"El silencio del viento", elocuente retrato de una isla a la deriva
La ópera prima del cineasta puertorriqueño Álvaro Aponte Centeno estrena hoy en el país tras recibir dos reconocimientos en el Festival Internacional de Cine de Mar del Plata.
Como todo lo demás en el país, el cine puertorriqueño atraviesa momentos difíciles, pero también está produciendo sus mejores películas. La paradoja no resulta nada extraña. El expresionismo alemán se vio influenciado por los horrores vividos en las trincheras de la Primera Guerra Mundial; el neorrealismo italiano nació de la posguerra a mediados del siglo 20, poblando la pantalla de personas sin experiencia histriónica en pos de la verdad; y una de las mejores cepas de cineastas estadounidenses surgió durante el conflicto en Vietnam. En tiempos difíciles, el cine reacciona. El silencio del viento -el primer largometraje de Álvaro Aponte Centeno- es el más reciente ejemplo nacional de la capacidad del medio para reflejar su entorno.

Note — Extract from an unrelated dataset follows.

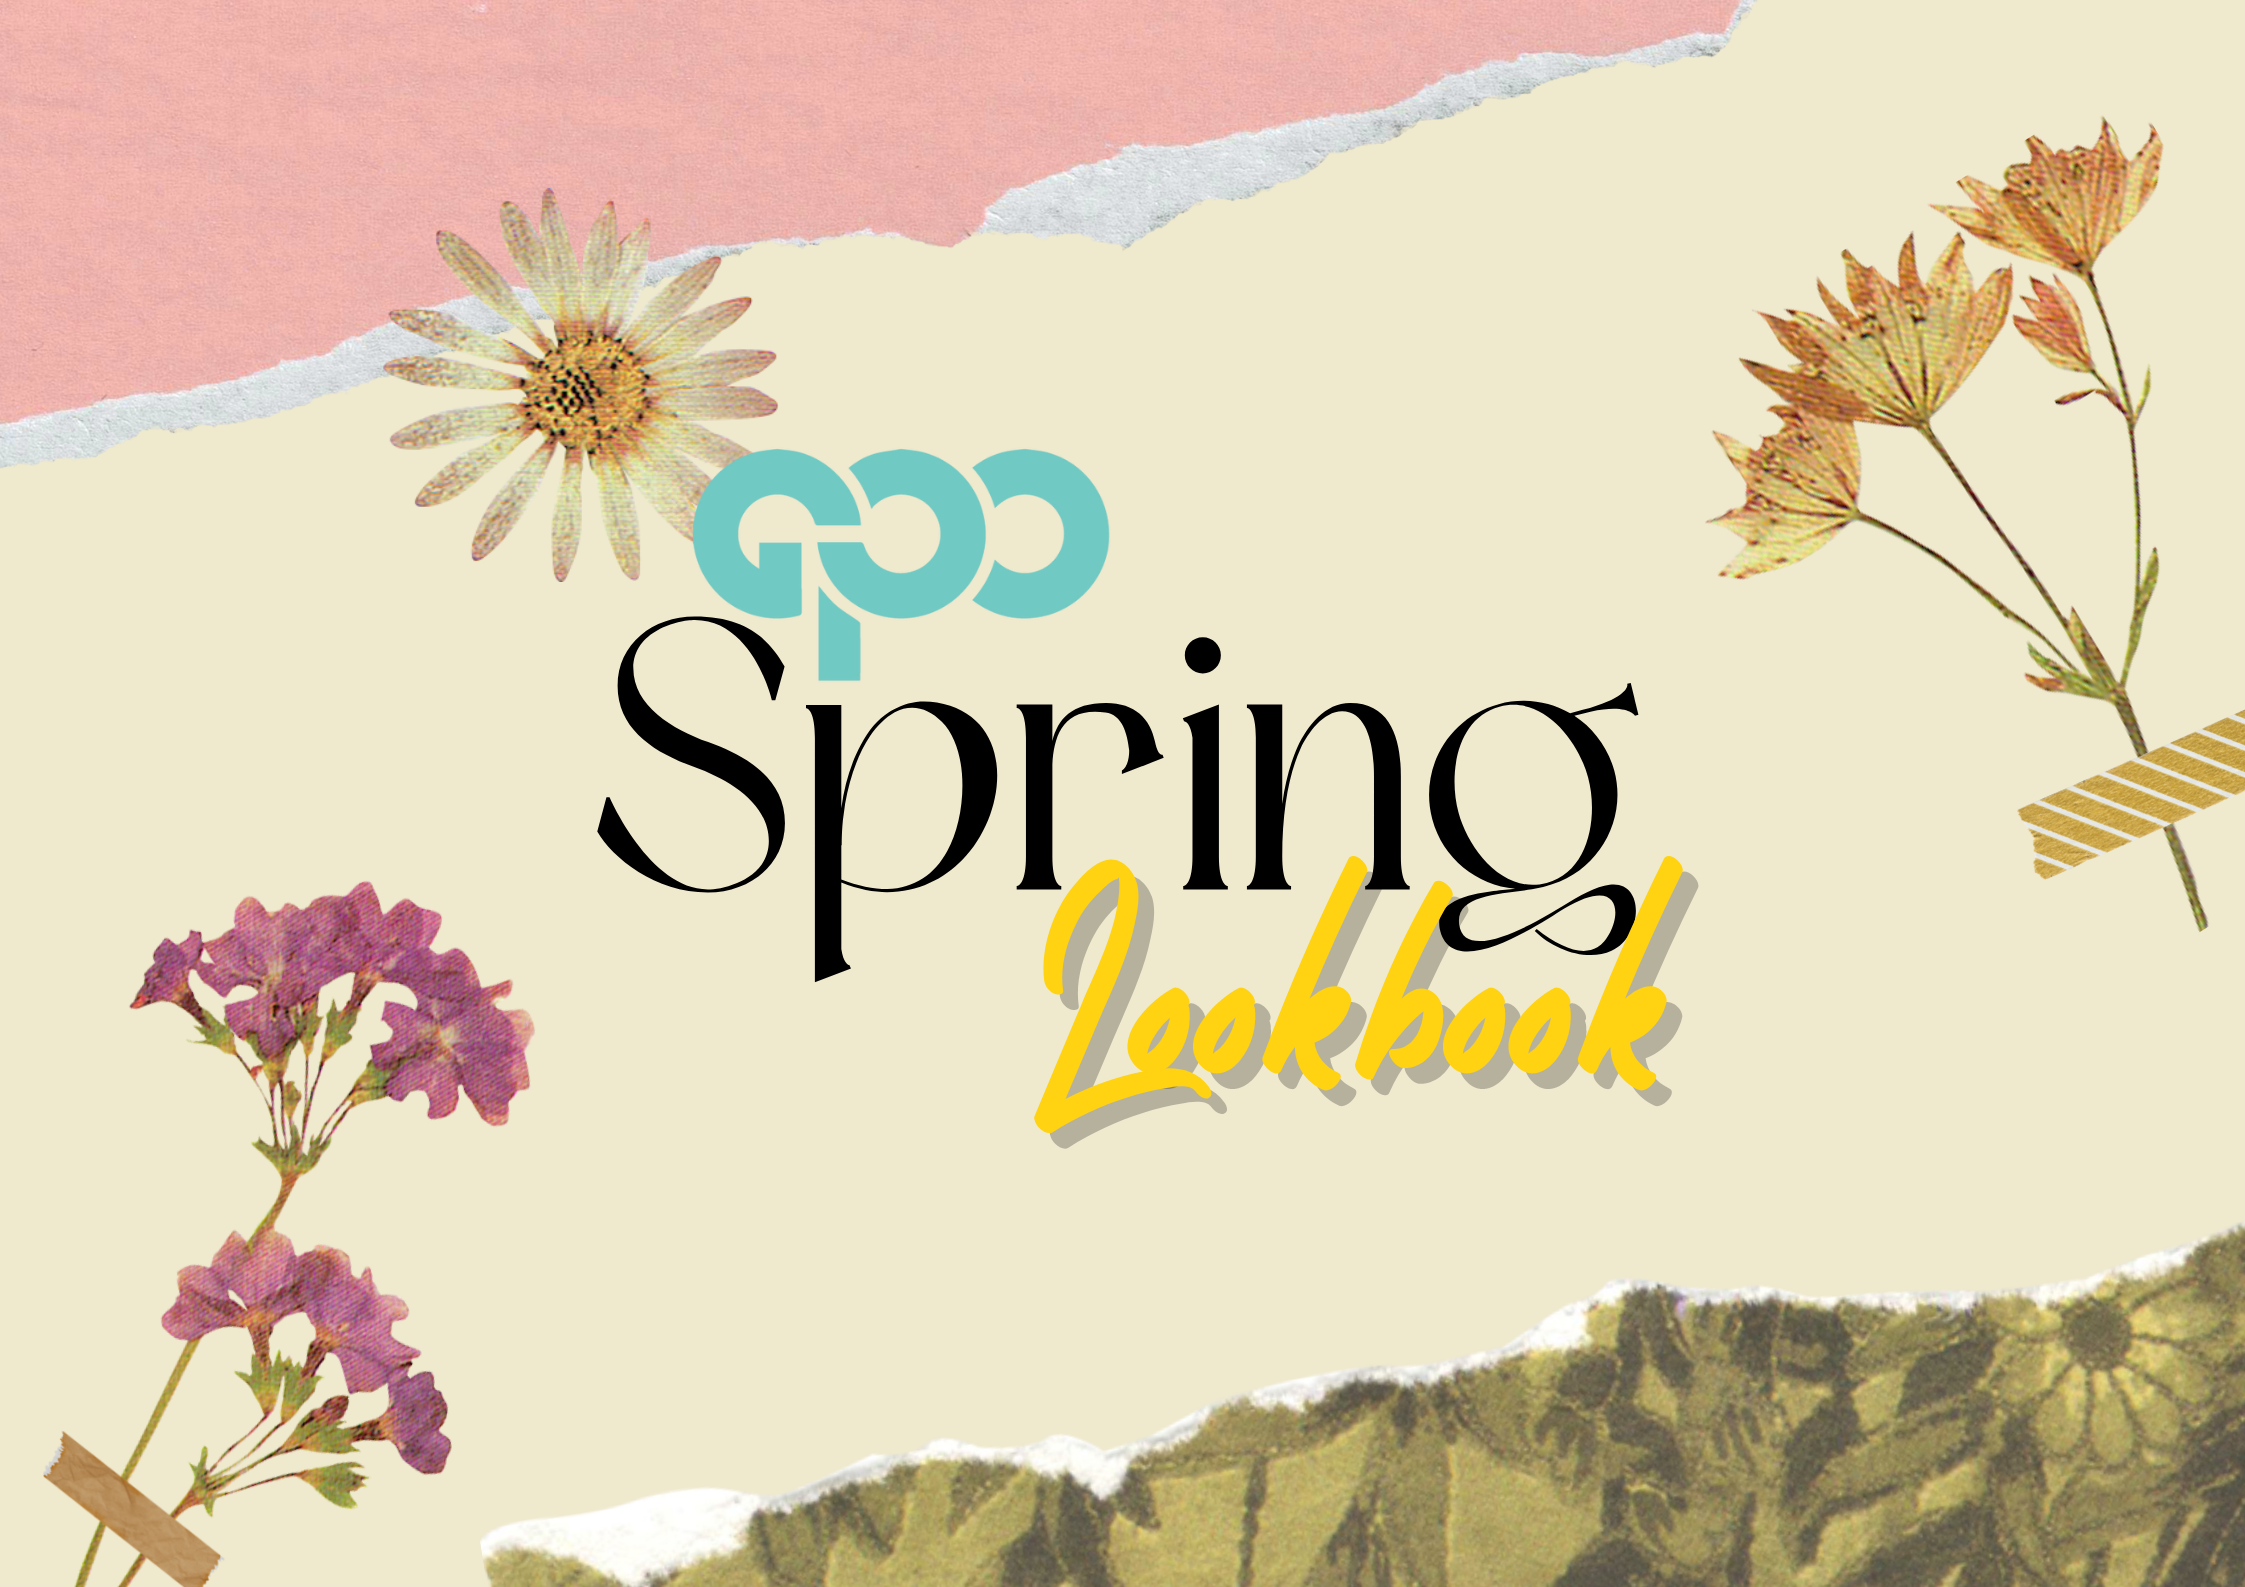 Spring Lookbook 2022

Lo que se observa cada vez más en muchas de las películas del patio, también responde al resultado de un conflicto bélico, uno vivido hace 120 años, pero cuyos efectos actuales son básicamente iguales a si se hubiese combatido hace una década: debacle económica, éxodo masivo y la imposición de un gobierno ocupacional no electo. Aunque el filme de Aponte Centeno no aborda directamente nuestra sombría situación contemporánea, la misma está implícita en cada encuadre, en los rostros de quienes lo habitan, en lo que estos escuchan en la radio y ven en la televisión. Se mantiene latente en los márgenes de la historia, que se enfoca en la inmigración ilegal y aquellos que se lucran de esta por necesidad para subsistir.
Uno de ellos lo es el protagonista, “Rafito” (Israel Lugo), un hombre de pocas palabras y semblante duro, quien junto a su hermana (Kairiana Nuñez), madre (Elia Enid Cadilla) e hija (Amanda Lugo) se dedican a traer indocumentados en yola de República Dominicana a Puerto Rico -dominicanos, haitianos y hasta chinos- y ofrecerles albergue durante unos días en lo que contactan algún familiar o conocido que les provea techo. En términos de historia, el libreto de Aponte Centeno no abarca mucho más que eso, en capturar el día a día de esta familia, arrancando con un trágico suceso que trastoca el funcionamiento de este negocio ilegal, así como las vidas de “Rafito” y sus seres queridos. El diálogo es mínimo, pero el poder de las imágenes es profuso.
Tal y como demostró en su estupendo cortometraje Mi santa mirada, Aponte Centeno exhibe una clara afinidad por las respectivas filmografías de Alejandro González Iñárritu y Carlos Reygadas, particularmente en el uso de los planos secuencias -uno de estos realizado magistralmente mediante el uso de un dron- ya sea para extender y aumentar los momentos de tensión, o para puntualizar las emociones sin cortes que pudiesen coartar su impacto en el público. El cineasta hilvana la contemplativa narrativa alrededor de espléndidas imágenes que hablan por sí solas, incluso más de lo que pudiese expresar a través de parlamentos, dirigidas a subrayar el humanismo y la persecución de la autenticidad social para colocar al espectador en el entorno de sus personajes.
La excelente cinematografía de PJ López engalana la pantalla con preciosos paisajes puertorriqueños -muchos de ellos captados de noche o en penumbra, haciendo gran uso de la luz natural- yuxtapuestos con estampas de la pobreza, de esa que no se habla, pero nos rodea, y va en vías de tornarse aun más extensa y profunda. El diseño de sonido -a cargo de la incomparable Maite Rivera- es igualmente fabuloso, permitiendo que la naturaleza invada el encuadre y arrope a la audiencia en el realismo que representa el norte de esta propuesta cinematográfica. El trabajo de Rivera va acompañado de los lúgubres arreglos de cuerdas compuestos por el propio director y su padre, Rafael Aponte, acentuado el duelo de “Rafito”, cuya rabia y tristeza se tornan más agudas dentro del silencio que lo caracteriza, mientras lo observamos flotando a la deriva, su cuerpo retratado tal si fuese una isla, derrotada y afligida.
El silencio del viento se exhibe en las salas de Plaza las Américas y Montehiedra.